A LinkedIn post from Lusha highlights growing concern over the quality of B2B data used to power AI-driven sales and marketing workflows. The post cites commentary from Dataconomy Media and suggests that as much as one-third of B2B data may be inaccurate, undermining automation efforts and decision-making.
Claim 30% Off TipRanks
- Unlock hedge fund-level data and powerful investing tools for smarter, sharper decisions
- Discover top-performing stock ideas and upgrade to a portfolio of market leaders with Smart Investor Picks
The post emphasizes that the core value in AI-led go-to-market systems may lie less in speed and more in the accuracy and timeliness of underlying contact and account data. For investors, this focus underscores a potential demand tailwind for data-enrichment and validation solutions that can improve lead targeting efficiency and increase conversion rates.

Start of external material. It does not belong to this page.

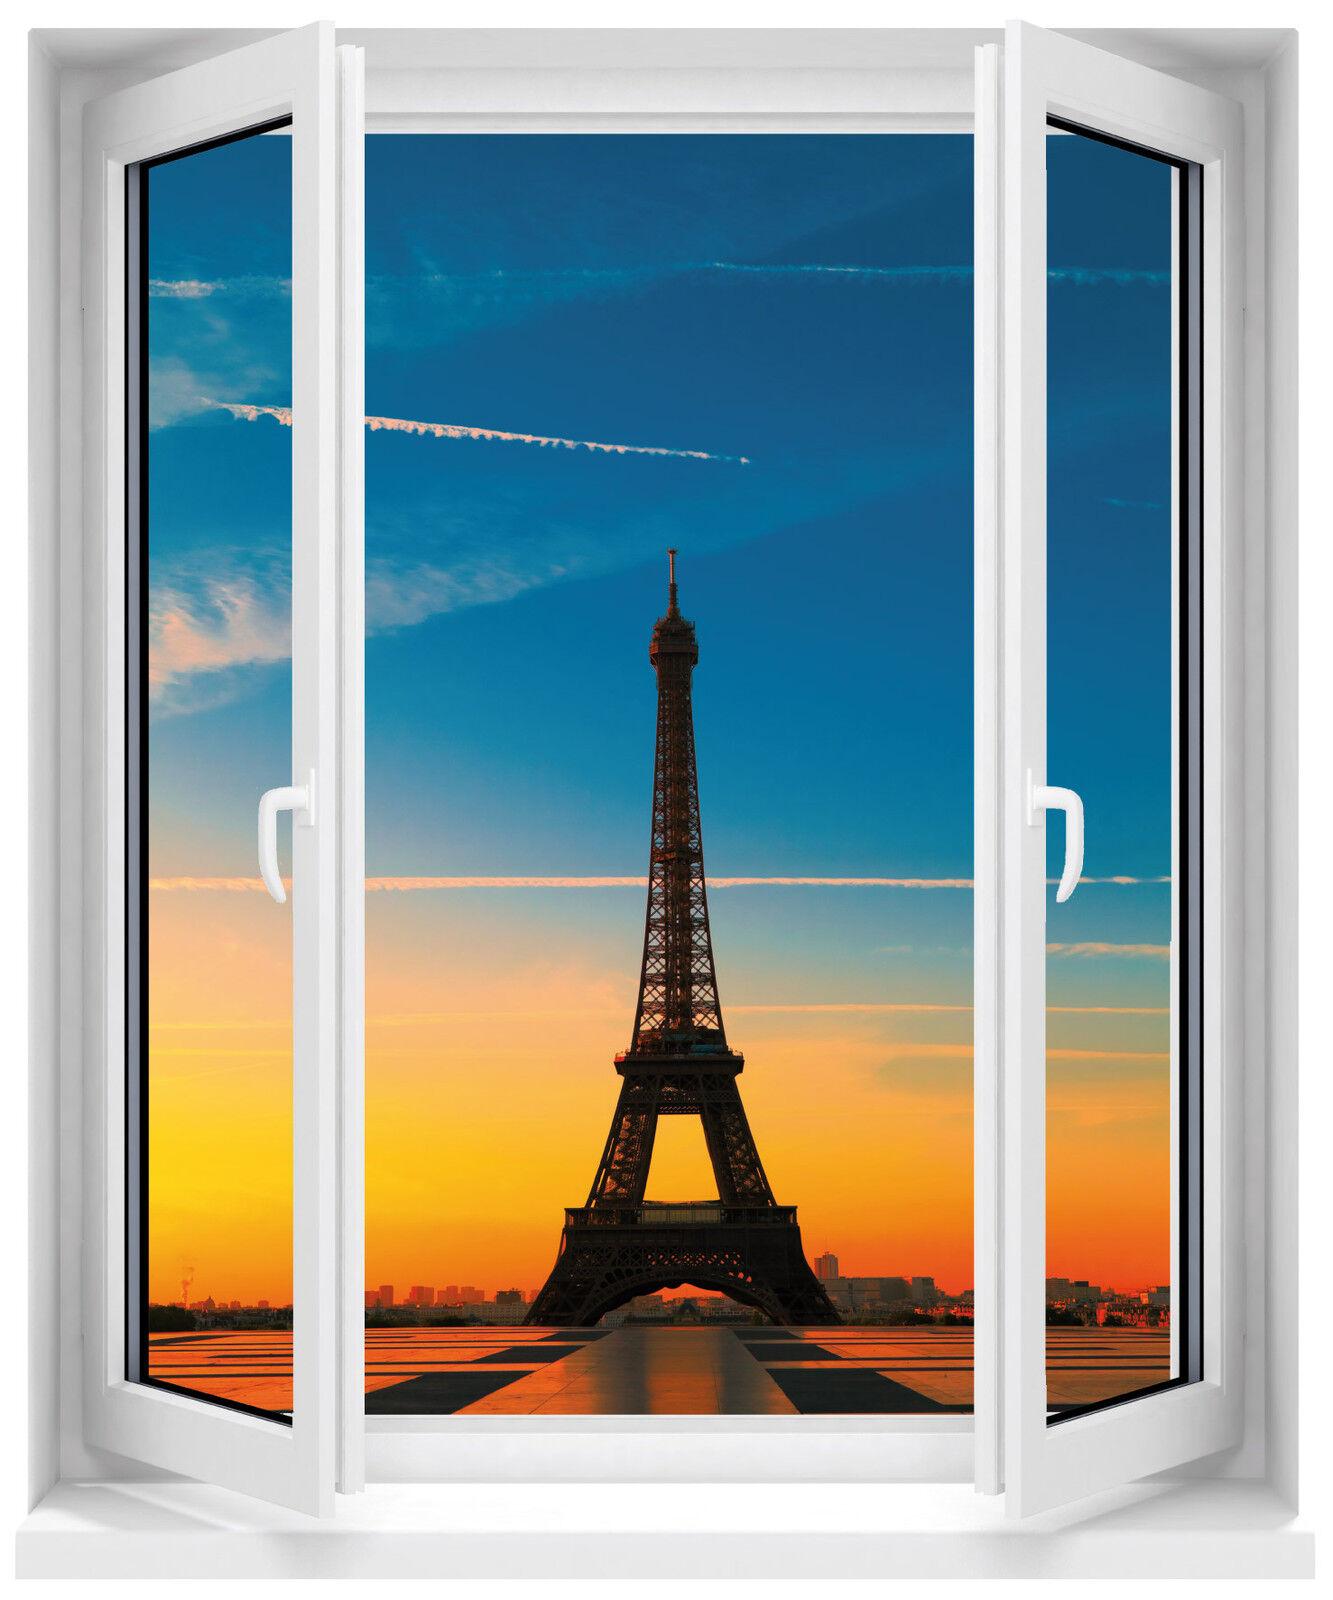 Adhesivo Ventana Torre Eiffel 80x100cm Ref F513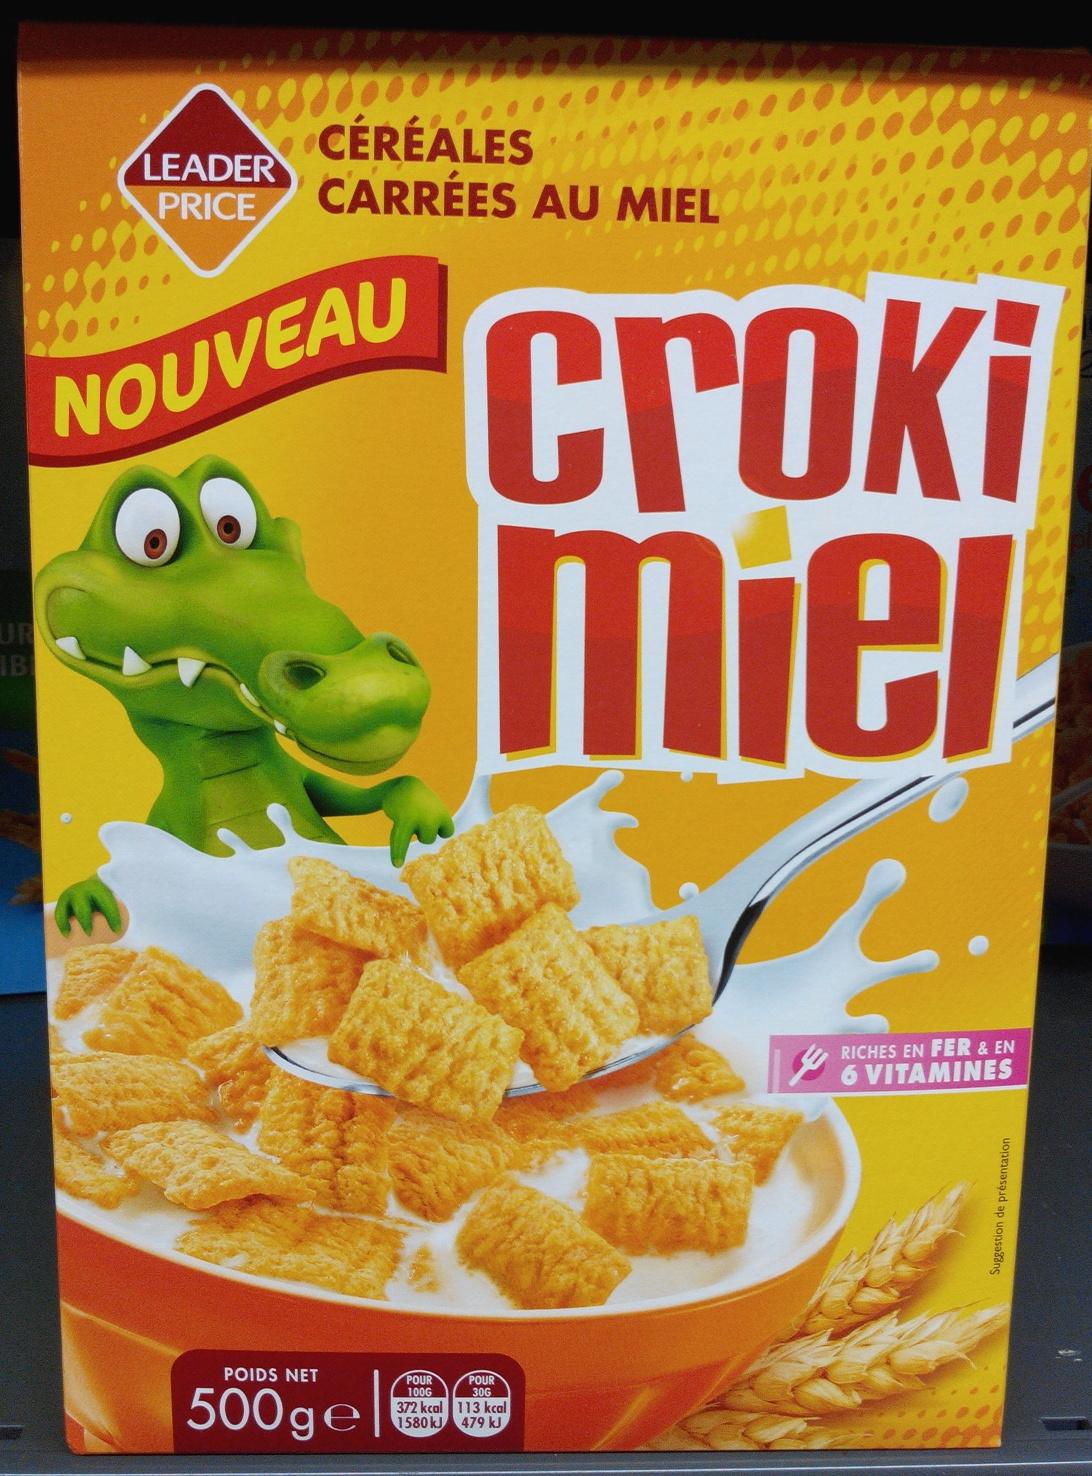 Croki miel - Produit - fr

By framing data accuracy as a strategic “steering wheel” for AI, the post suggests that customers may increasingly prioritize vendors that can deliver reliable, up-to-date B2B intelligence. If Lusha is positioned as a provider of such data, stronger adoption of AI tools across sales and marketing stacks could translate into higher usage, improved pricing power, and deeper integration into customers’ workflows.
The messaging also implies that organizations relying heavily on automation without upgrading data quality could face wasted spend and misaligned outreach. This dynamic may create an opportunity for data-focused platforms to pitch ROI improvements, potentially supporting customer retention and upsell potential for companies competing in the B2B data and sales intelligence market.